2.3.2. LH2 Supply Chain

Figure 3 shows the supply chain for the use of LH2 as an energy carrier. Hydrogen gas is liquefied to produce LH2, which is stored in insulated tanks at the loading site, and then transported from the hydrogen-producing country to Japan by an LH2 tanker (capacity: 160,000 m3 at cruising speed: 16 knots). Because detailed information on the energy consumption performance of the LH2 tanker during navigation was not available, its CO2 emission intensity was estimated with reference to LNG tanker transport in IDEA v2.2, it was assumed that heavy fuel oil (HFO) and LH2 boil-off gas were used as marine fuel. Here, CO2 emissions associated with the transportation of LH2 by tankers consider the unladen voyage of the tanker from Japan to the hydrogen-producing country and its return from the hydrogen-producing country to Japan laden with LH2. The imported LH2 is stored in insulated tanks at the unloading port and supplied to the power plant. The probability distributions of electricity consumption due to hydrogen liquefaction and LH2 storage, and the LH2 boil-off rate due to international transportation were set based on published data as shown in Appendix A Table A2 [18,30,31,32,33,34,35,36].

2.3.3. MCH Supply Chain

Figure 4 shows the supply chain for the use of MCH as an energy carrier, and Table 2 lists the specifications for each process (“Value” in Table 2, Table 3, Table 4 and Table 5 means the specific values assumed for the parameters of each process in the supply chains).

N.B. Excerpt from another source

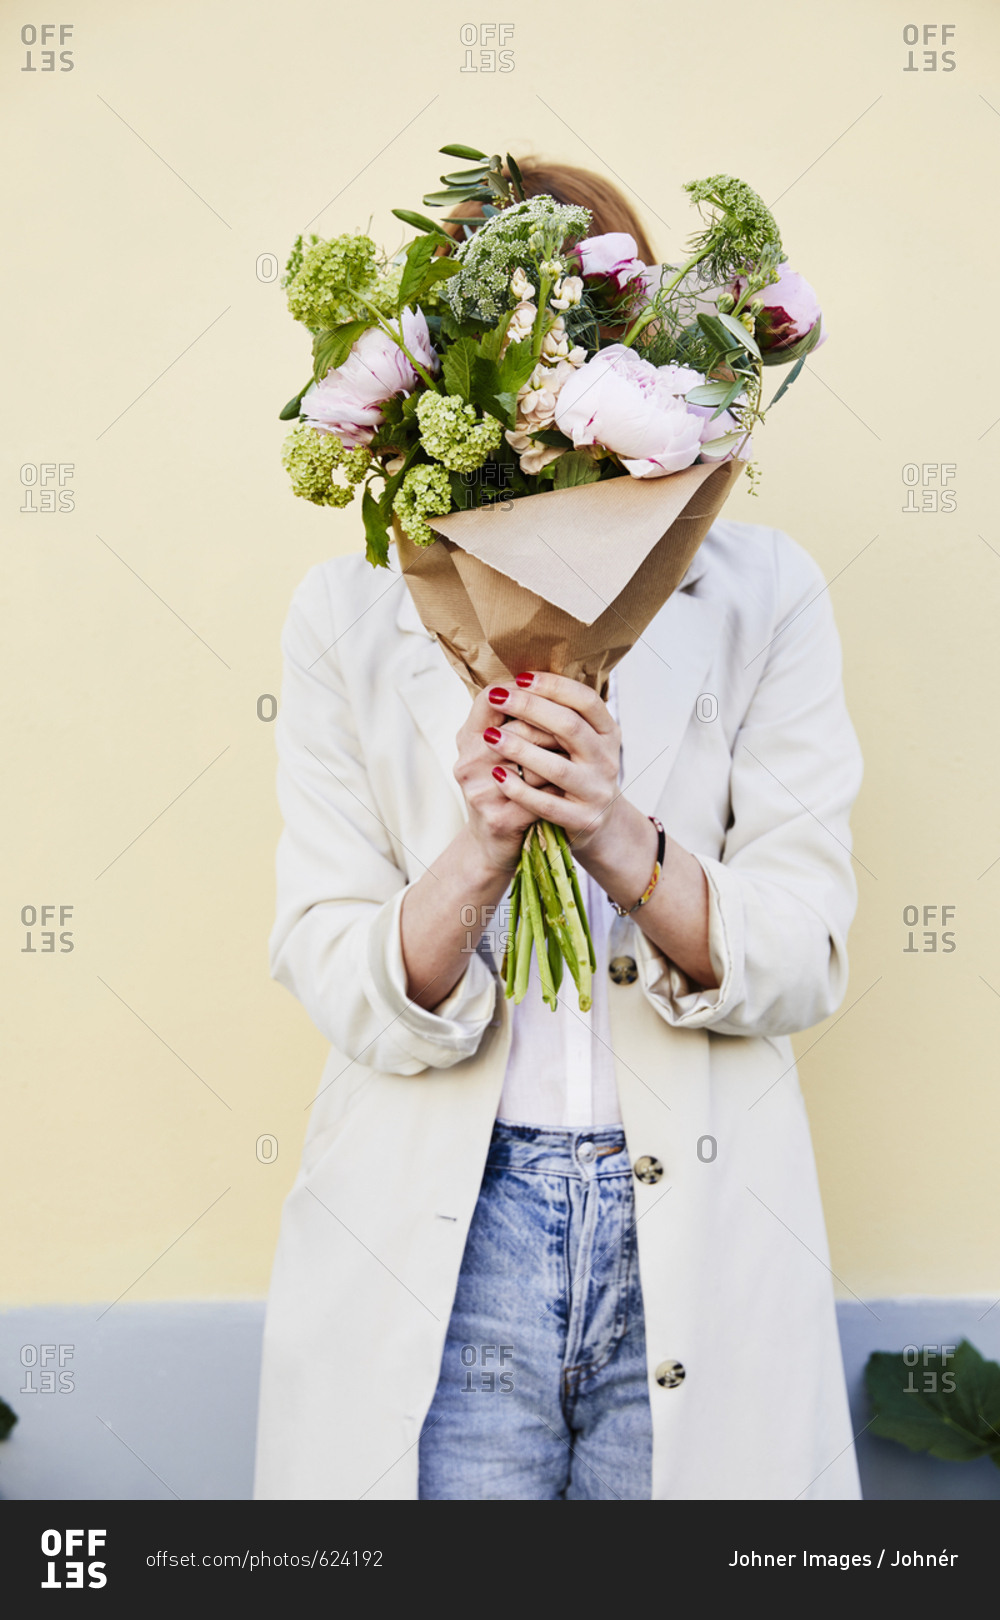 Woman holding bouquet of flowers
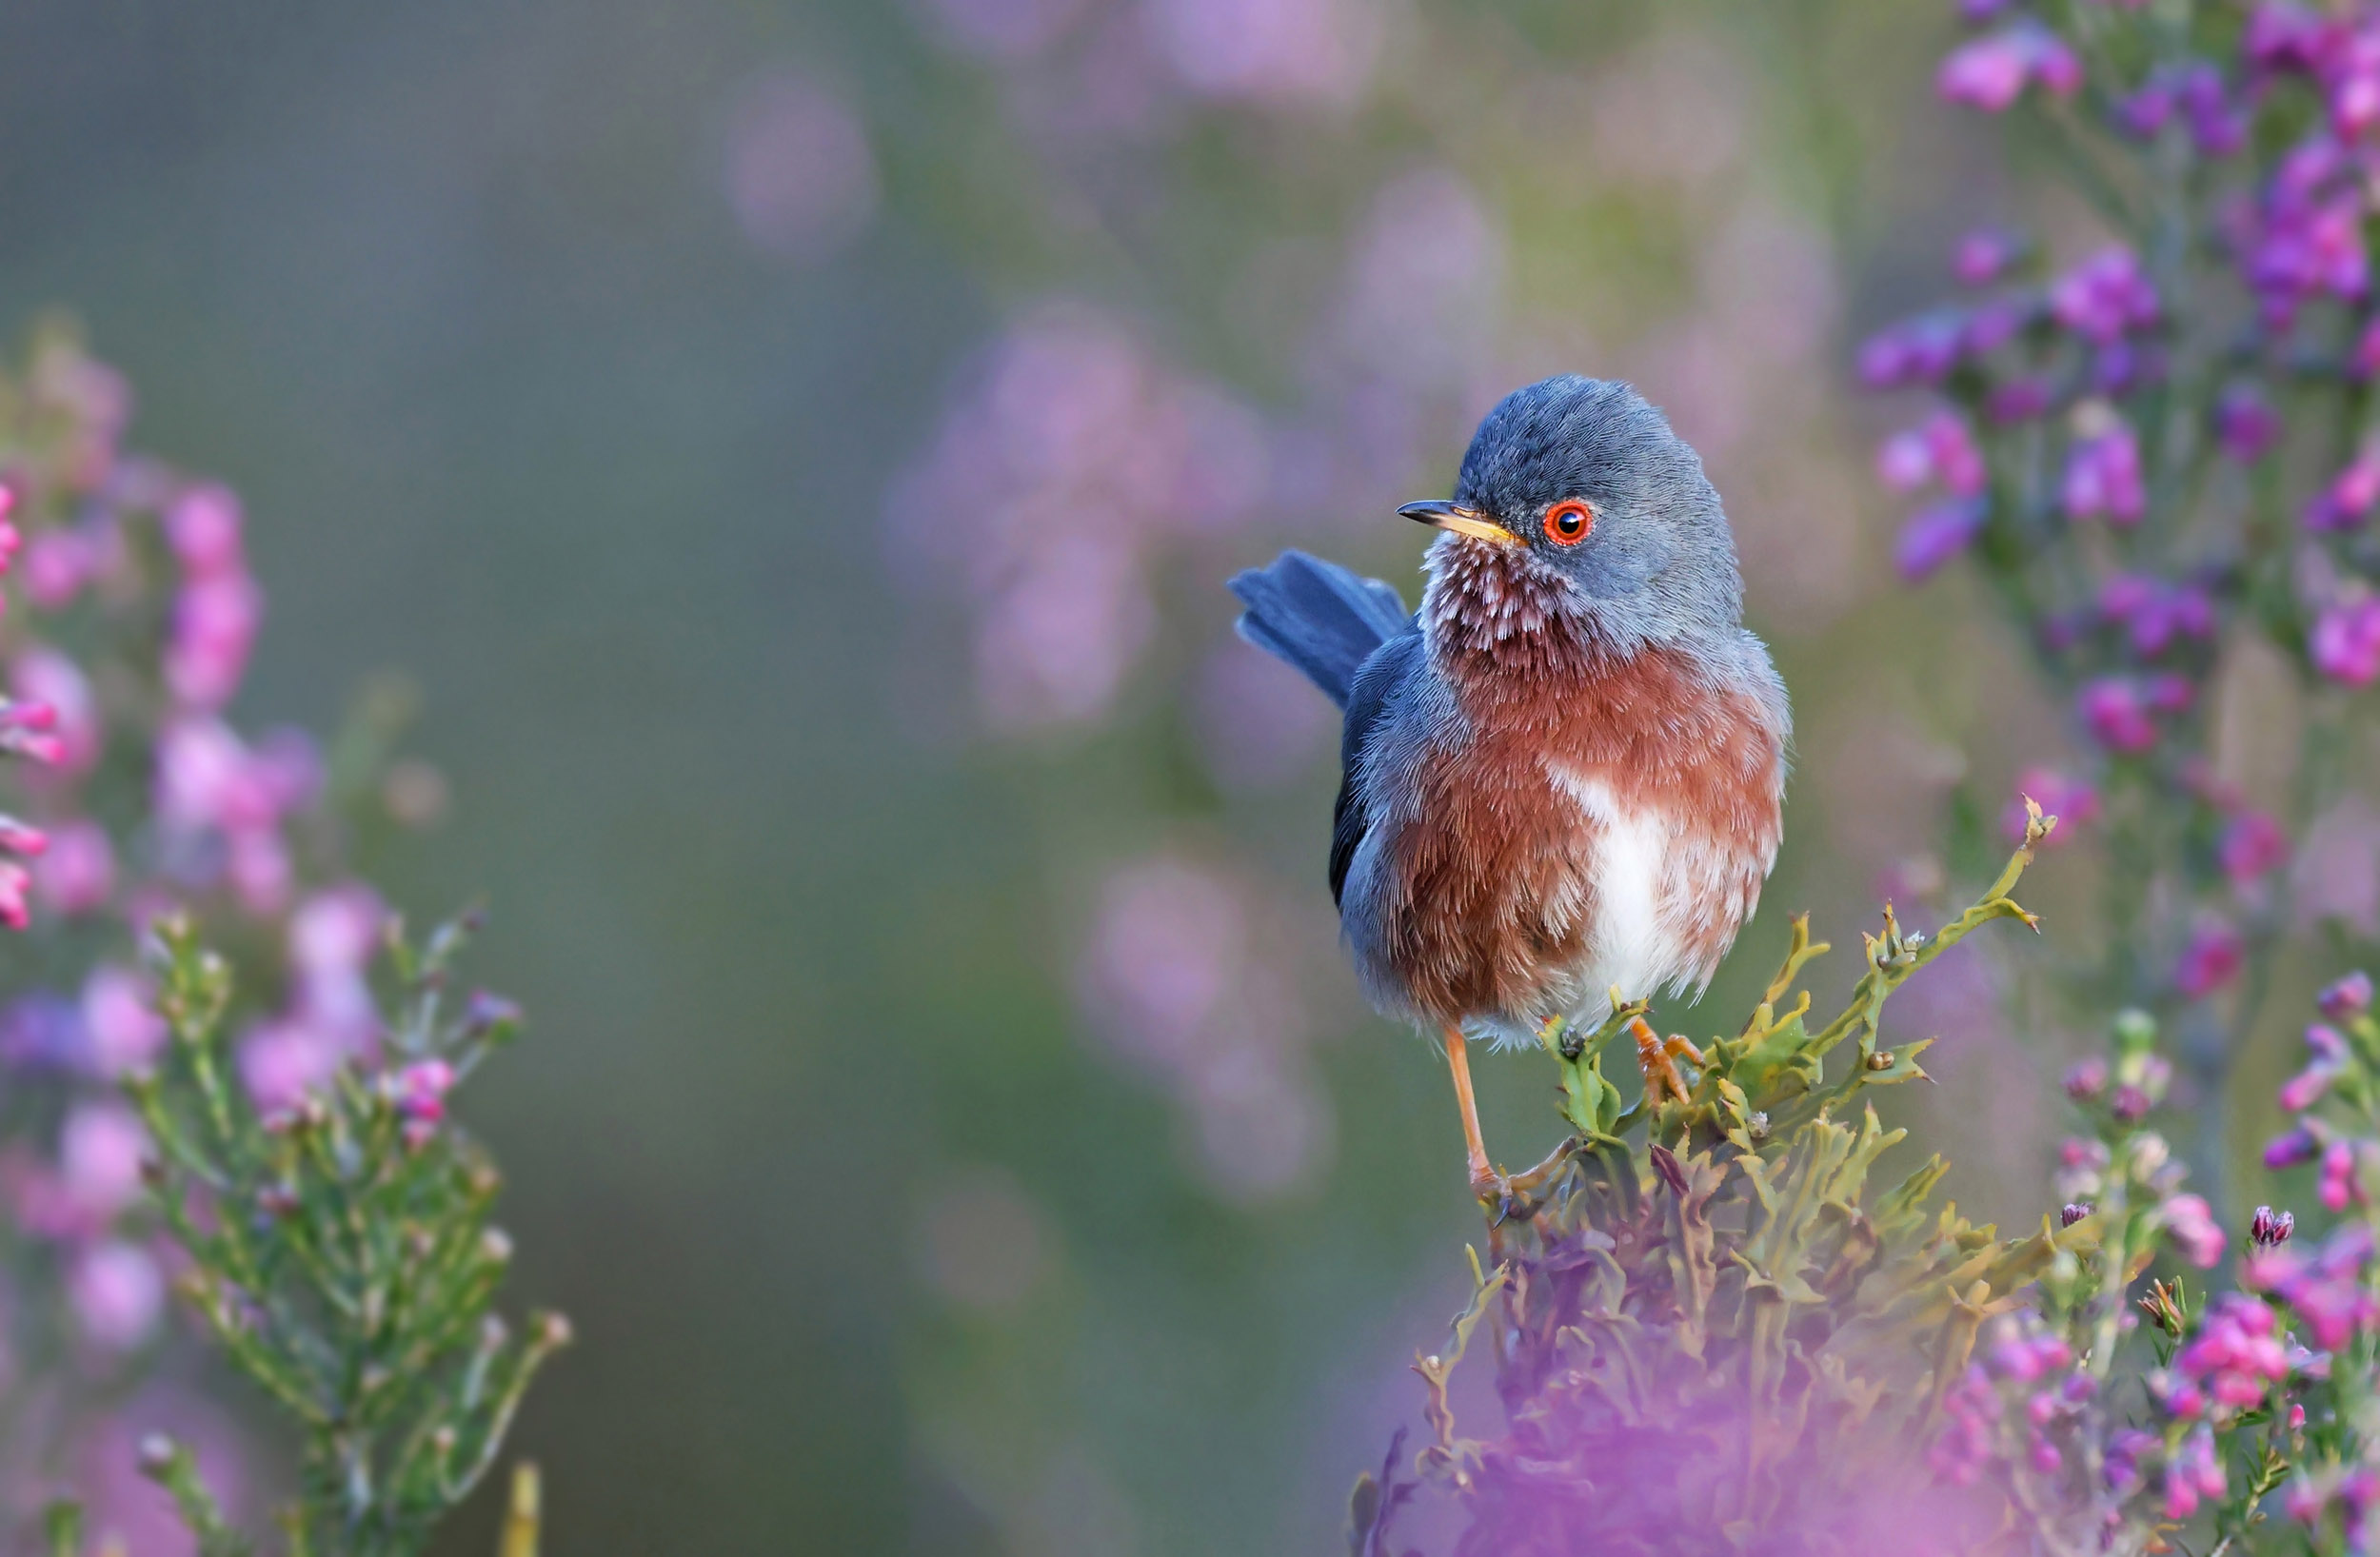 A Dartford Warbler perched on the top of pink flowers.

Parameters listed in Table 2 were set by collecting data from literature surveys [30,37,38].
MCH is produced from hydrogen and toluene (TOL) and stored in cone-roof tanks at the loading port. TOL is produced from oil refining and naphtha reforming in Japan and is transported to a hydrogen-producing country by chemical tankers. The MCH produced using TOL is then transported from a hydrogen-producing country to Japan by chemical tankers. The petroleum product tanker transport of IDEA v2.2 was used to evaluate the CO2 emission intensity of the chemical tankers. The imported MCH is stored in cone-roof tanks at the unloading port and then converted back to hydrogen and TOL by dehydrogenation. Hydrogen is supplied to the power plant, and the TOL is transported to the hydrogen-producing country for reuse. The heat required for dehydrogenation is assumed to be supplied by the combustion of HFO. TOL degraded by side reactions (formation of benzene and methane by demethylation reaction, paraffin by ring-opening reaction, cyclopentane by isomerization, and alkyl biphenyls by dimerization [28,37]) was assumed to be replenished. The probability distributions of electricity consumption due to MCH production, storage, dehydrogenation, and TOL storage were set as shown in Appendix A Table A2 based on published data [20,26].

2.4. NH3 Supply Chain

Figure 5 shows the NH3 supply chain, and Table 3 lists the specifications for each process. Parameters listed in Table 3 were set by collecting data from literature surveys [39,40,41].

2.4.1. NH3 Production from Renewable Energy

NH3 is synthesized and liquefied by the Haber–Bosch process from hydrogen produced by alkaline or solid polymer water electrolysis using solar PV power. Nitrogen was obtained via air separation. The consumption of electricity and pure water for hydrogen production was set as described in Section 2.3.1. The probability distributions of electricity consumption for nitrogen and NH3 production were set as shown in Appendix A Table A3 based on published data [39,42,43,44,45,46].

2.4.2. NH3 Production from Natural Gas

For the process of NH3 production from natural gas, the input/output relationship was established based on the NH3 production process of IDEA v2.2 from AIST, Tsukuba, Japan. In this process, natural gas is used as a feedstock for NH3 and as a fuel for the reactor. The probability distributions of the utility natural gas and electricity consumption were set as shown in Appendix A Table A3.
Application of CCS is effective to mitigate CO2 from NH3 production process from natural gas. CCS consists of CO2 capture, compression, pipeline transportation, and injection processes. Utility-derived CO2 was recovered using the chemical absorption method (recovery rate: 90%). On the other hand, feedstock-derived CO2 is emitted with high density from the NH3 synthesis process; hence, a recovery process is not necessary. The recovered utility-derived CO2 is compressed together with all the feedstock-derived CO2, which is transported by pipeline to a CO2 reservoir (transport distance: 50 km) and injected into the reservoir. The probability distributions of steam consumption due to CO2 capture, electricity consumption due to CO2 capture, compression, and injection were set as shown in Appendix A Table A3 based on published data [25,40,41,47,48,49,50,51]. As for the CO2 emission intensity of steam required for chemical absorption, the probability distribution of Appendix A Table A3 was set with a minimum value of 0 (assuming steam can be supplied by waste heat) and the maximum value given by steam production from the HFO-fired boiler of IDEA v2.2 from AIST, Tsukuba, Japan.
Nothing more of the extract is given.